• Aucun résultat trouvé

Chapitre 2 Méthode

2.3. Développement du matériel expérimental

2.3.2. Intérêt sexuel et stratégies coercitives

Afin d'étudier les effets de l'alcool et de l'excitation sexuelle sur le temps de latence pour indiquer qu'une femme n'est plus intéressée par avoir une relation sexuelle et les intentions comportementales d'utiliser des stratégies coercitives, il a été fait le choix de privilégier l'utilisation d'un stimulus audio. Malgré l'absence d'indices visuels (pourtant susceptibles de jouer un rôle important lors d’une interaction sociale), l'utilisation d'un stimulus audio présente un certain nombre d'avantages. Premièrement, et contrairement aux vignettes, l'utilisation d'un stimulus audio permet de rendre compte de variations plus ou moins subtiles dans l'expression d'intentions comportementales. L'utilisation de la modalité vocale par des comédiens professionnels offre en effet la possibilité de variations dans l'intonation et l'expression d'émotions, autant d'informations qui pourraient ne pas être aussi aisément communiquées par l'utilisation d'une vignette. Deuxièmement, en termes de validité externe, le stimulus audio permet de disposer d'une mesure comportementale à proprement parler. Alors que le recours à de simples vignettes ne permet que de solliciter des intentions comportementales d'un participant amené à s'imaginer dans une situation similaire à celle décrite dans la vignette, le stimulus audio demande aux individus d'être en mesure d'identifier et de traiter des indices de nature sociale pour décider si la femme est (ou non) intéressée par avoir une relation sexuelle. Parce qu'en situation sociale, les hommes sont susceptibles d'être amenés à mettre en œuvre des processus cognitifs similaires, il a été proposé que l'utilisation d’un stimulus audio permette de rendre compte, plus adéquatement, de processus et de comportements susceptibles de survenir en milieu naturel (Abbey & Wegner, 2015; Bernat et

al., 1999). Troisièmement, il a été proposé que l'utilisation d'un stimulus audio permette de limiter le biais de désirabilité sociale (Bernat et al., 1997). Il semble en effet logique d'envisager qu'en matière de coercition sexuelle, le contenu des items et questions auxquels sont exposés les participants puisse être à l'origine d'une certaine tendance à favoriser des réponses socialement acceptables (Paulhus, 2002). L'utilisation d'un stimulus audio, et plus exactement le recours à une mesure de latence, permettraient alors de rendre moins transparentes les inférences expérimentales et contribueraient ainsi à l'émergence de réponses plus idiosyncrasiques. Enfin, d'un point de vue plus pragmatique, l'utilisation d'un stimulus audio offre aux participants la possibilité de ne pas avoir à lire une vignette plus ou moins longue, et comprenant des variations plus ou moins subtiles dans l'expression d'émotions et d'intentions comportementales. Bien qu’un stimulus audio n'élimine pas entièrement le recours à la lecture sur l'ensemble du protocole expérimental, il permet de ne pas autant solliciter l'attention des participants, ce qui présente un avantage intéressant en particulier chez des participants ayant consommé de l'alcool.
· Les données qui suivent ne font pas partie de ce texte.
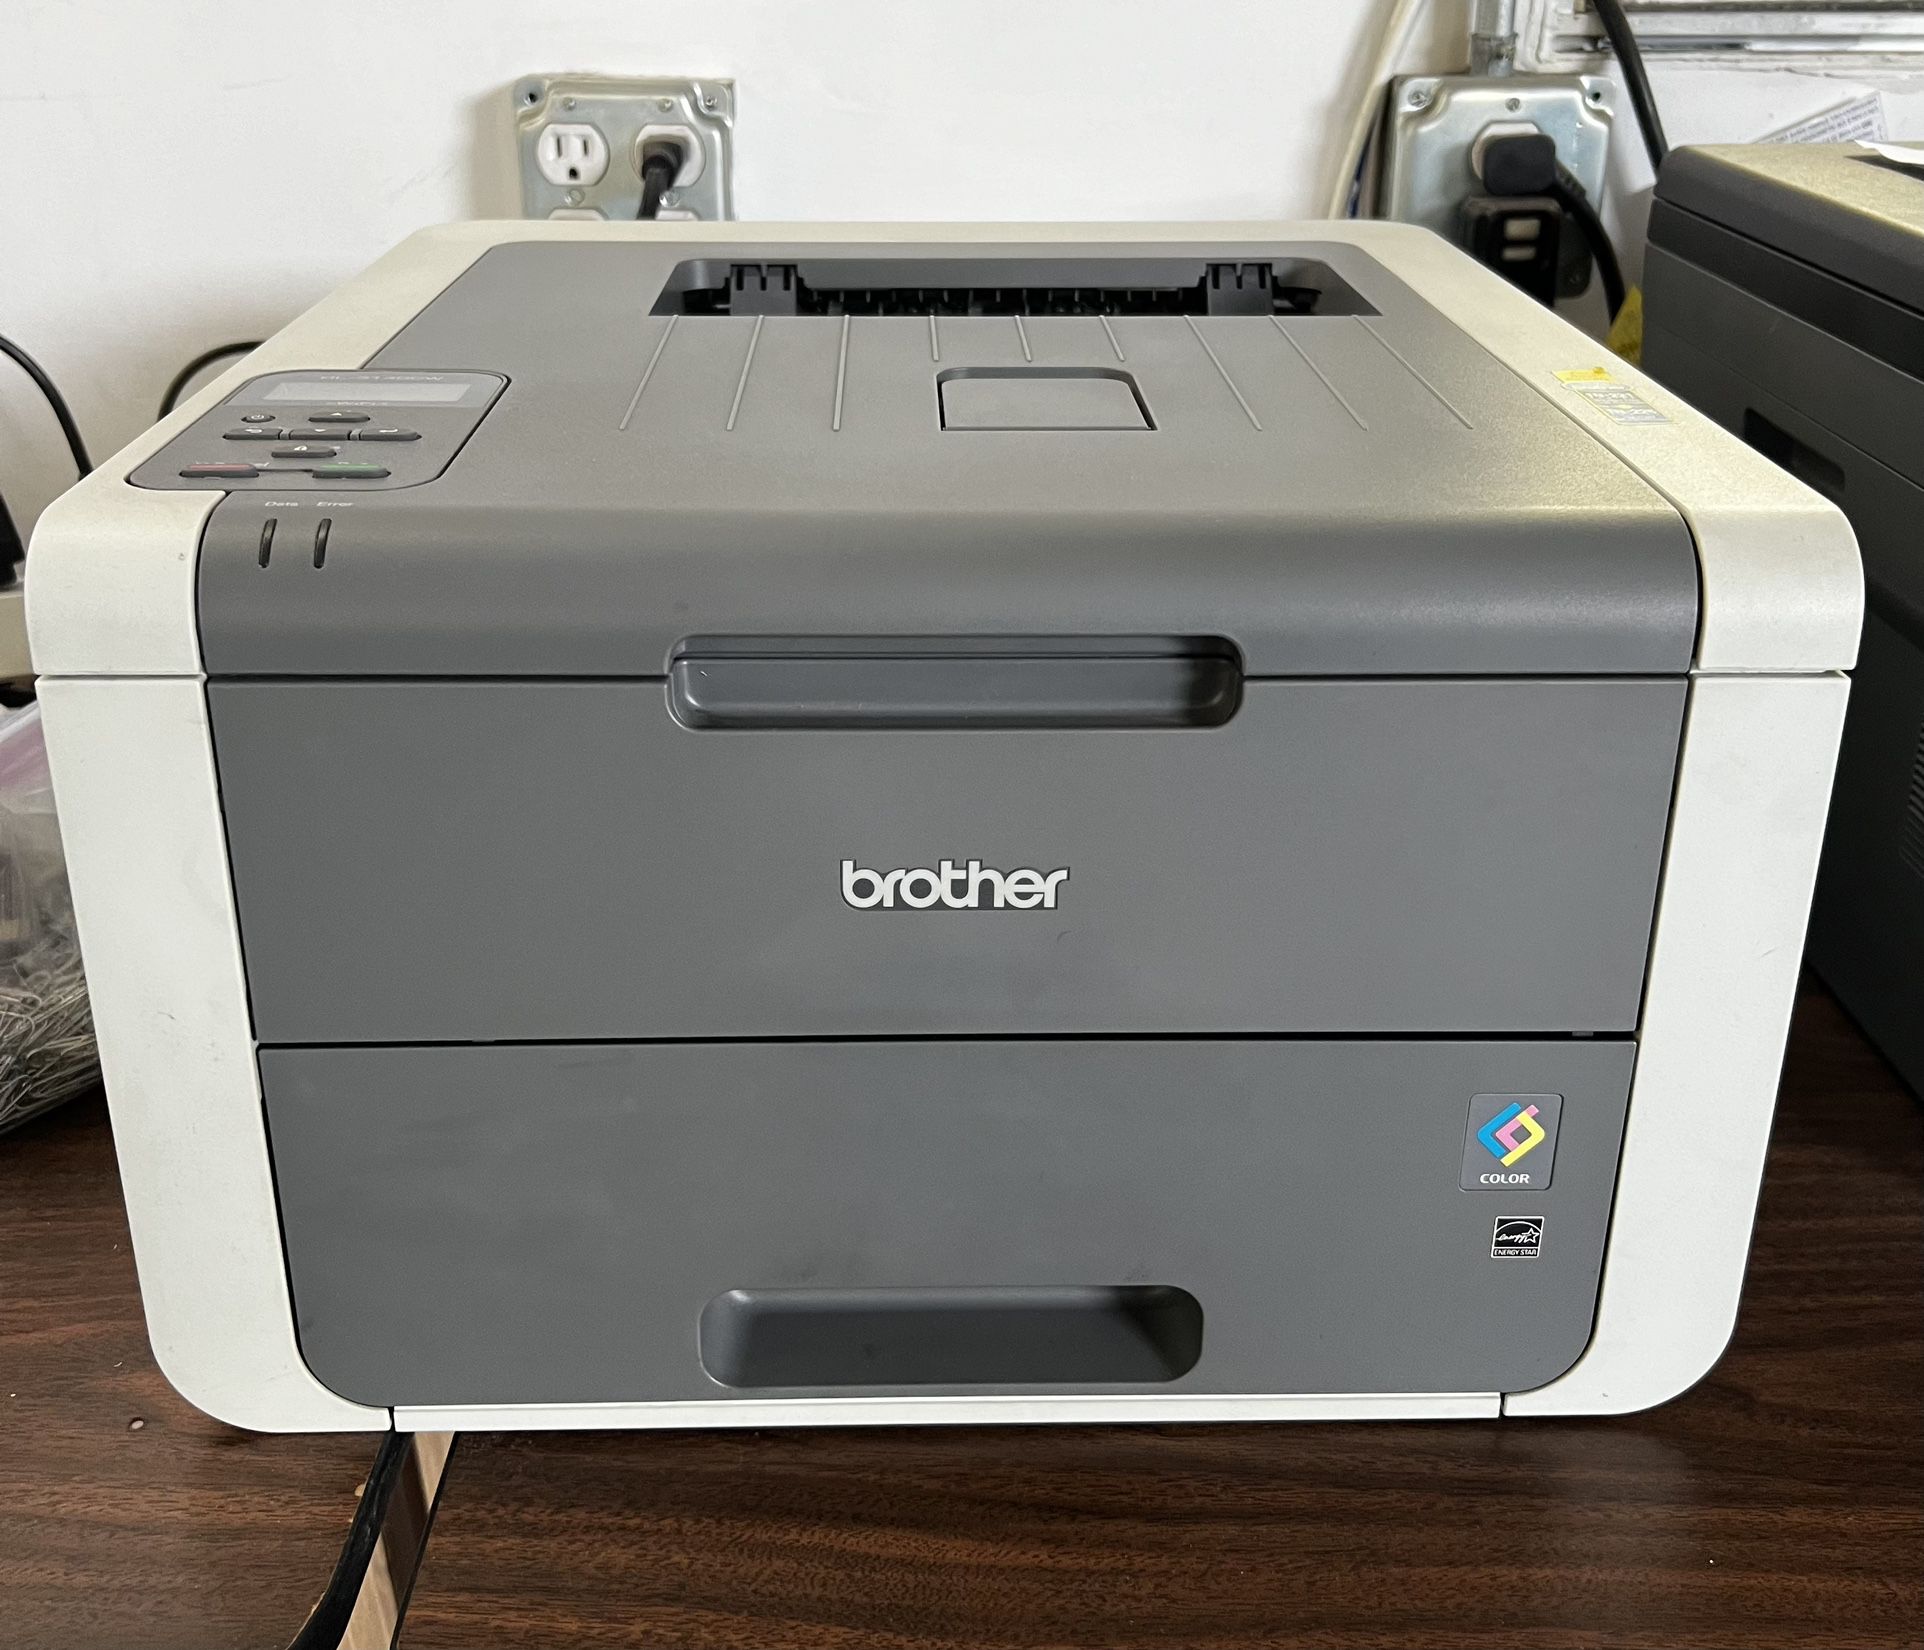 Brother Printer HL-3140 CW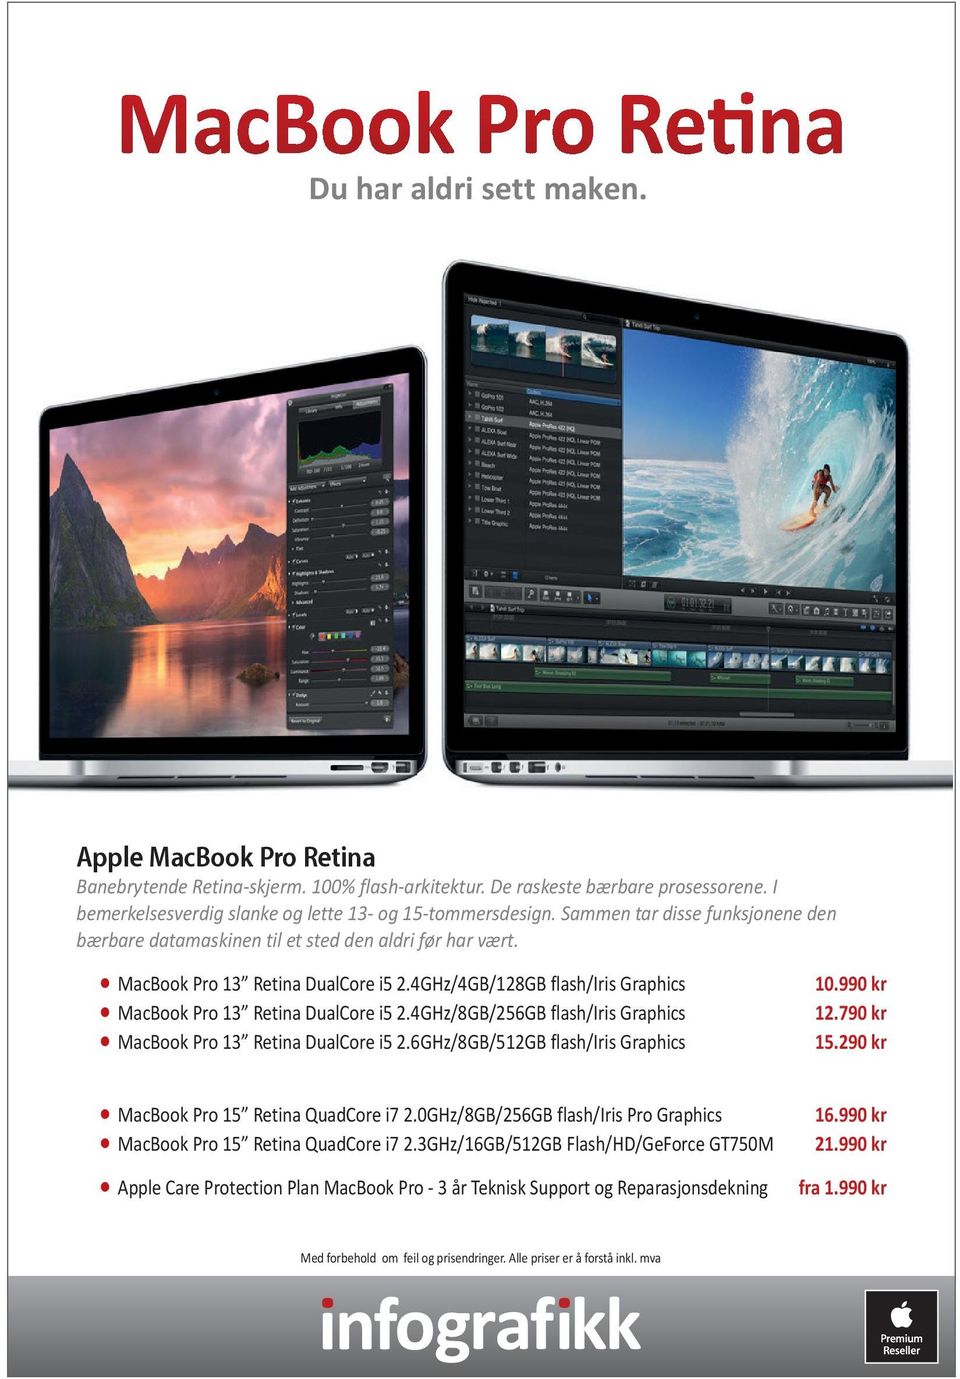 4GHz/4GB/128GB flash/iris Graphics MacBook Pro 13 Retina DualCore i5 2.4GHz/8GB/256GB flash/iris Graphics MacBook Pro 13 Retina DualCore i5 2.6GHz/8GB/512GB flash/iris Graphics 10.990 kr 12.790 kr 15.

Adaptation et développement du stimulus expérimental

Le stimulus expérimental utilisé dans le cadre de cette recherche a été adapté du stimulus audio développé par Marx et Gross (1995), et validé par Bernat et al. (1997). Dans sa version originale, ce stimulus audio consiste en un dialogue, d'une durée de 390 secondes, entre un homme et une femme et qui évolue graduellement d'une interaction sociale consentante à un viol. Il est expliqué aux participants que la bande audio qu'ils vont écouter consiste en échange entre un homme et une femme rentrant d'un rendez-vous galant au cinéma. Le contenu du dialogue permet alors de segmenter la bande audio en différentes séquences, chacune d'entre-elles permettant de rendre compte d'une étape différente dans l'interaction : intérêt mutuel (0-79 s), refus polis exprimé par la femme (80-98 s), refus verbal exprimé par la femme et excuses de l'homme (99-136 s), pression verbale exprimée par l'homme et refus répété exprimé par la femme (137-206 s), menaces verbales exprimées par l'homme et refus ferme exprimé par la femme (207-293 de s), et rapport sexuel forcé initié et complété par l'homme (de 294-390 s) (Marx et al, 1999). Durant les 80 premières secondes, la

réaction de la femme est ainsi relativement ambigüe alors que l'échange physique se limite à de simples baisers. À partir de la 81ème seconde, la femme exprime son refus et celui-ci augmente en intensité en réponse au comportement de plus en plus coercitif de l'homme. Le temps de latence correspond alors au temps pris par un participant pour signaler que l'homme décrit dans le scénario devrait s'abstenir de faire d'autres avances. Par ailleurs, les participants sont prévenus qu'ils pourront écouter l'intégralité de la bande audio, et ce, même après avoir indiqué leur réponse. L'objectif est d'éviter qu'une forme de curiosité quant au dénouement du scénario ne puisse expliquer des réponses plus longues. Les résultats, issus des études de validation (Bernat et al., 1997), indiquent une validité convergente du temps de latence avec des antécédents de coercition sexuelle ainsi qu’avec des attitudes tolérantes à l'égard de la coercition sexuelle et l’acceptation de la violence interpersonnelle. Par ailleurs, Bernat et al. (1997) rapportent une fidélité test-retest de 0,87 sur un intervalle de deux semaines, ainsi qu'une absence de corrélation avec une mesure auto-rapportée de désirabilité sociale.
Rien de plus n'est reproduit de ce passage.